This isn't the beginning of this conversation and it certainly won't be the end, but I had a thought recently with all this Hall of Fame talk going on: if Coors Field is really the reason to keep out Larry Walker and (eventually) Todd Helton, shouldn't their stats away from home be much worse than their stats in the friendlier confines of 20th and Blake?
I've also been harping on a particular double-standard lately and I think Patrick Saunders at the Denver Post pretty much covered it in this tweet after his conversation with Larry Walker yesterday:
Former #Rockies star Larry Walker said if hitters are penalized for Coors Field, why aren't pitchers penalized for West Coast ballparks?— Patrick Saunders (@psaundersdp) January 8, 2014
But given that -- as things stand now -- Colorado hitters are punished for playing here and no pitcher I've ever heard of has had his home ballpark even mentioned during his HOF debate, I figure the first step is to take a look inside the numbers that Walker and Helton put up (min 100 PAs) over their careers in other parks.

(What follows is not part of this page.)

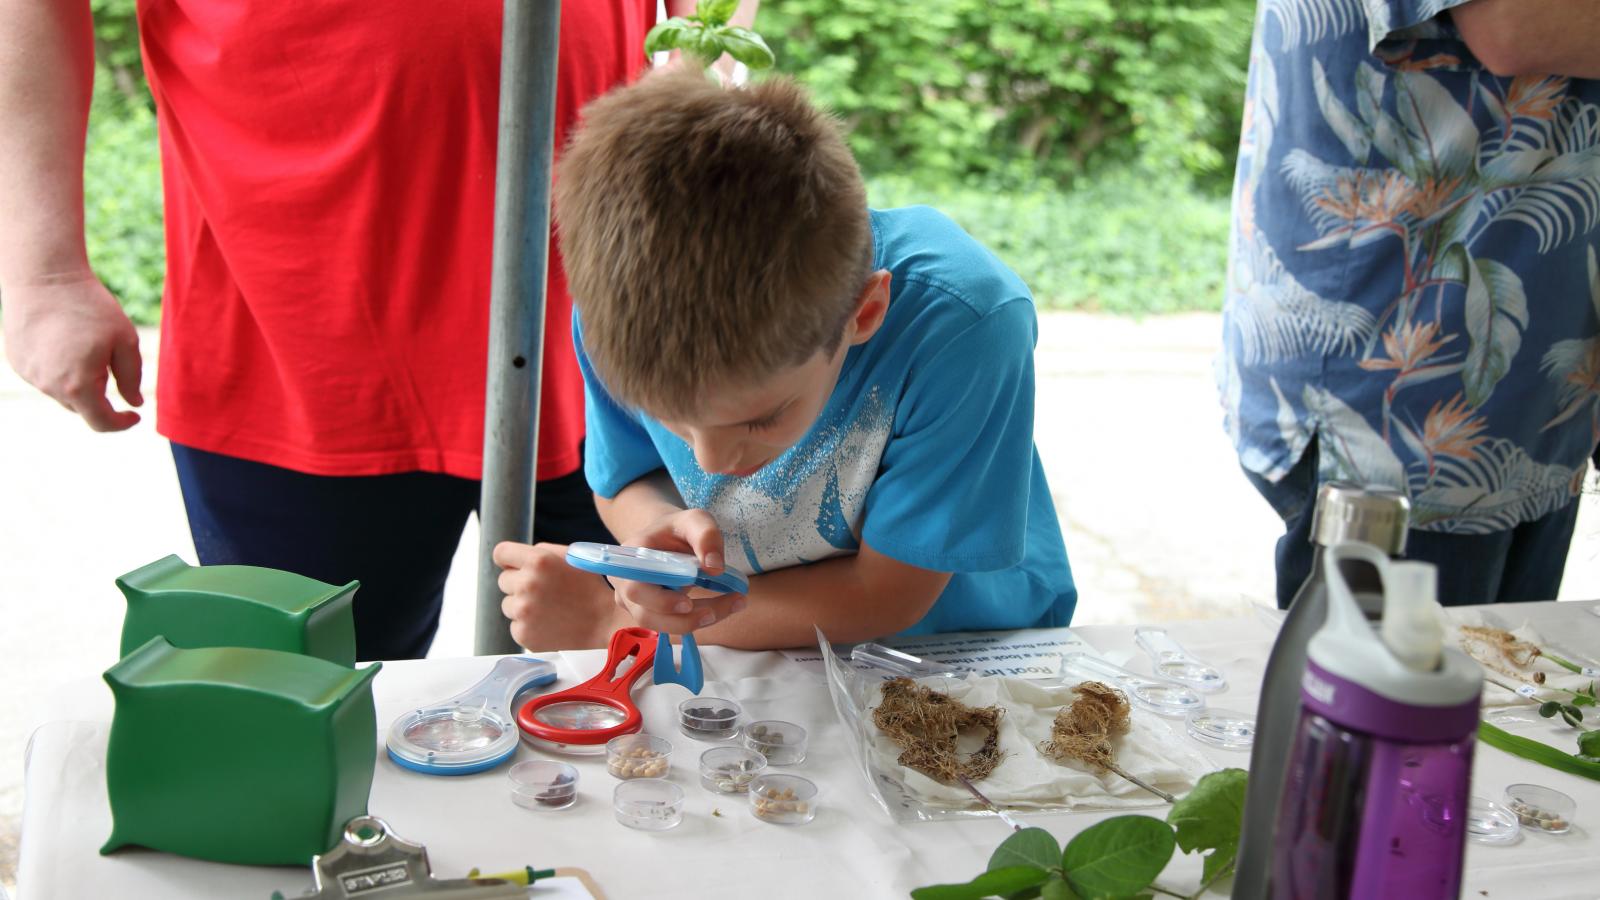 A young person explores plants at WestFest 2018

Todd Helton's Career Splits, by Ballpark
|ARI-Bank One Bpk||454||32||13||53||.283||.399||.481||.880||.297|
|STL-Busch Stad 3||107||7||1||9||.223||.308||.330||.638||.282|
Larry Walker's Career Splits, by Ballpark
|ARI-Bank One Bpk||170||11||5||23||.350||.465||.550||1.015||.404|
|PIT-3 Rivers Std||251||13||10||29||.266||.323||.463||.786||.291|
I could pour through those stats for a while (and I will) but what struck me the most is right in line with what Walker mentioned to Saunders; I was expecting their numbers in the pitcher-friendly, west-coast parks to be killing their overall numbers and at first glance this didn't seem to be the case.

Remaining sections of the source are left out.